We validated our results using both internal‐external and external validation. ²⁷ The Study A and Study B datasets consisted of data from 711 patients in total, with 109 of them diagnosed with AD and 27 with other types of dementia as of the last study time point. For each patient Pi (1 ≤i ≤N), the Study A and B dataset included Li separate examinations by a physician and N was the total number of patients in the dataset. Then, each NMI examination of the ith patient could be defined as a multidimensional vector, where di was the date of the examination and ci was the clinical state of the patient (normal, MCI, or dementia) as measured during that examination. Generally speaking, Study A was used as a training and internal‐external validation dataset, whereas Study B was used as external validation to test the ability of the trained machine learning model to predict the progression of AD on an independent patient population. Because the Study B data were only used to test the machine learning models and not for training, we used a fixed set of hyper‐parameters for the XGBoost algorithm with a time variable that represents the number of months into the future that the machine learning model should make a prediction. The probabilities calculated by the machine learning algorithm based on these examinations were averaged to generate predicted probabilities for patient Pi at time t. When comparing the model's predictions against the actual diagnoses in Study B, the predicted probability was compared to the examination date documenting a new diagnosis in Study B. An illustration of the method is at Figure 2.
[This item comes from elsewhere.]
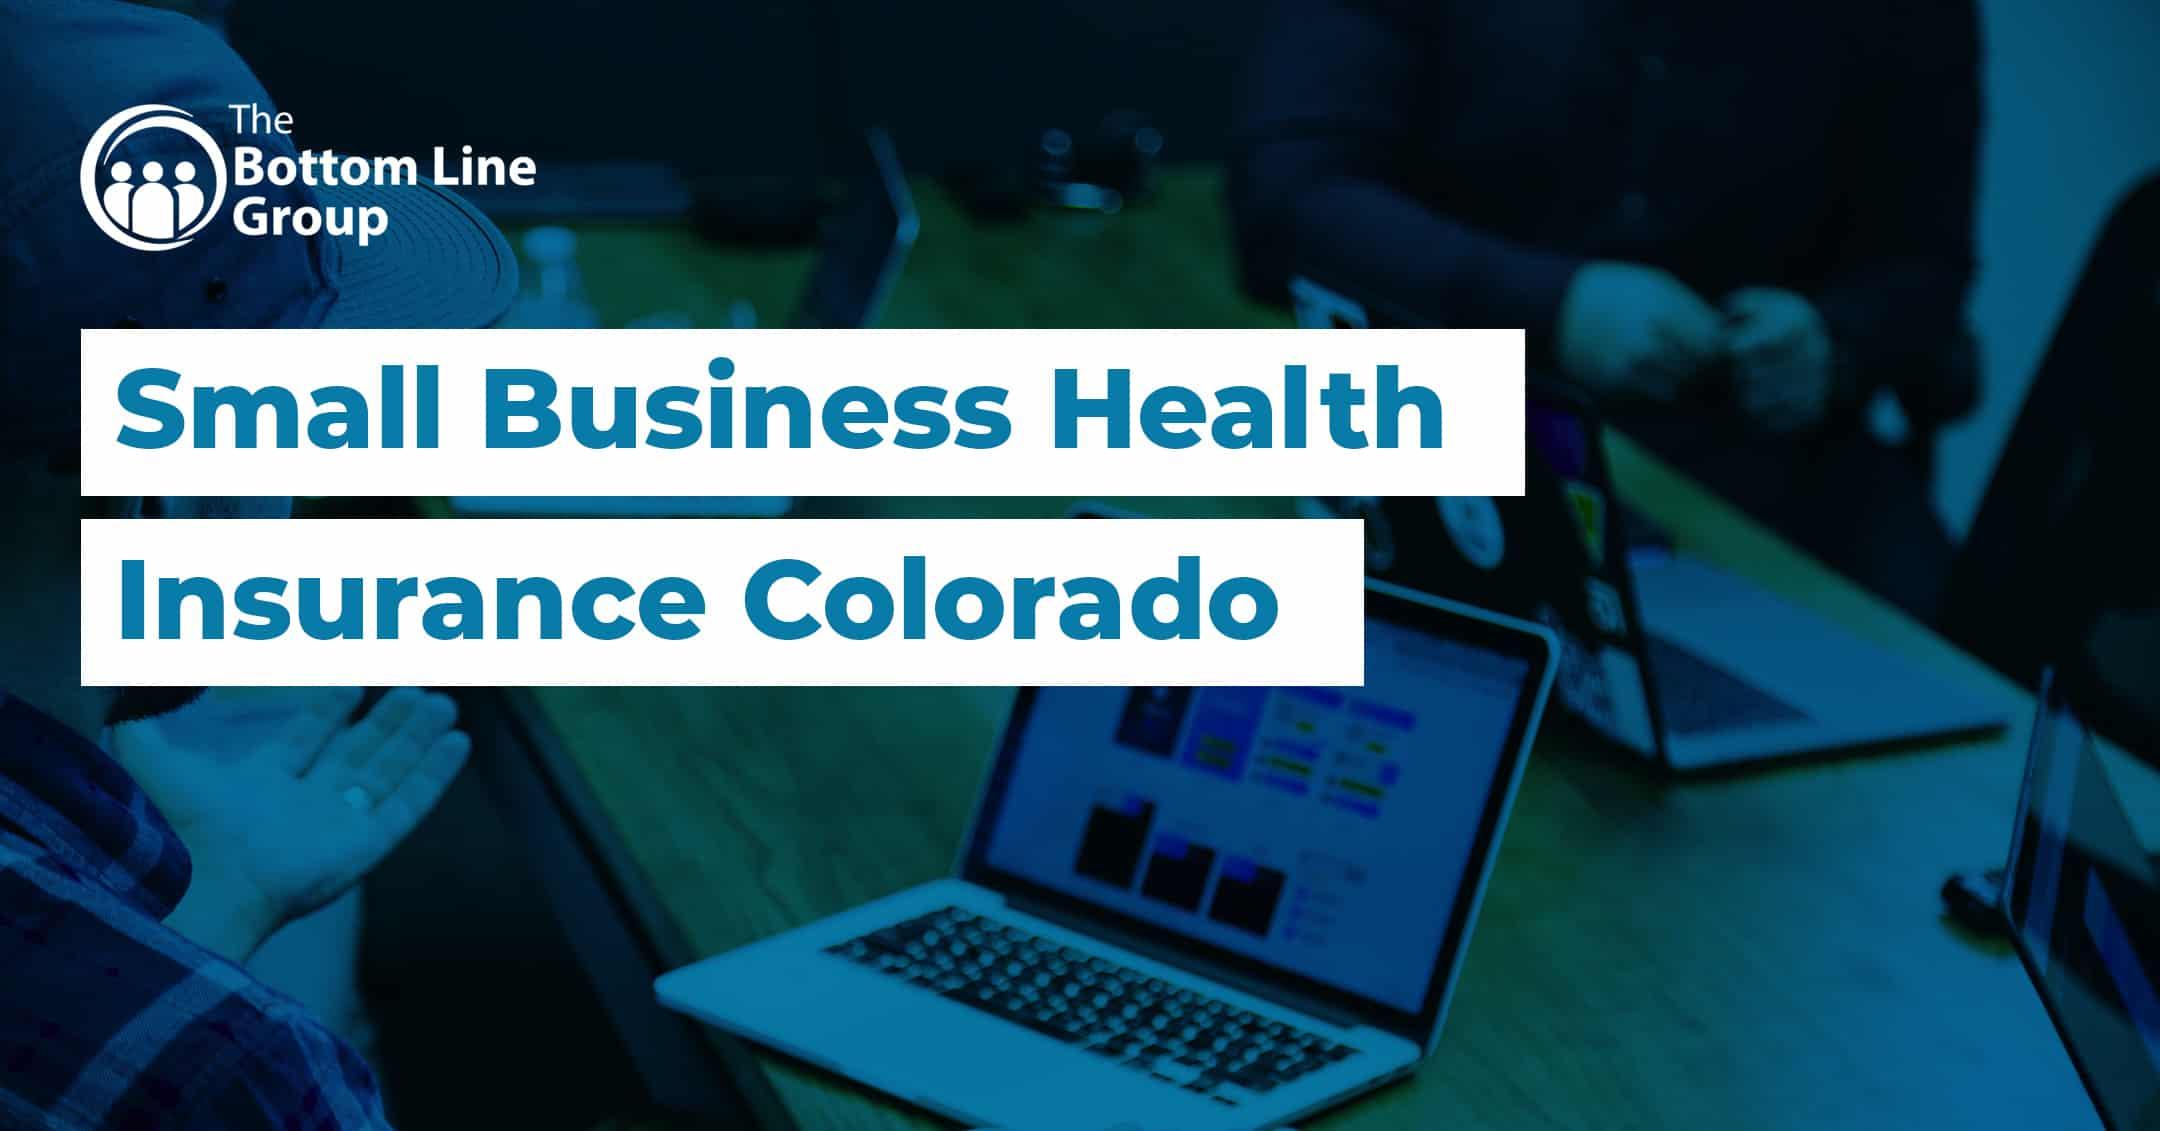 51-(Small-Business-Health-Insurance-Colorado)1

Flowchart showing methodology for training and evaluating machine learning models

2.4. Outcomes for machine learning

The primary outcome in the training set was the conversion from MCI‐to‐dementia assessed using clinical measurements (ie, either MMSE or MOCA, and CDR) to any stage of cognitive impairment at any time. In a secondary analysis, the same outcome was considered for those MCI subjects that would progress into dementia due to AD (aMCI) or not associated with AD (naMCI).

2.5. Statistical analysis

To identify the size of the dataset necessary for obtaining a clinically relevant analysis, we used the information available from NC and MCI participants in our previous study. ²⁰ Using Clinical Dementia Rating scale sum of boxes (CDR‐SB) as an outcome at 40 months, a minimum of 200 individuals per class was needed to demonstrate difference in the longitudinal disease progression, that is, stability over time or significant changes toward dementia, in keeping with the recent literature. ²⁸ To assess real‐world performance, the NMI models were trained on the entire Study A dataset and then evaluated on data derived from Study B and compared to actual diagnoses, asking whether NMI can predict their later diagnoses. The training dataset from Study A was covering 60 months with an average of 5.45 examinations per patient, totaling 1171.75 examinations. The actual examination dates in Study B vary from patient to patient, but they generally cover a 40‐month period containing a total of 2961.12 examinations, or an average of 5.97 examinations per patient.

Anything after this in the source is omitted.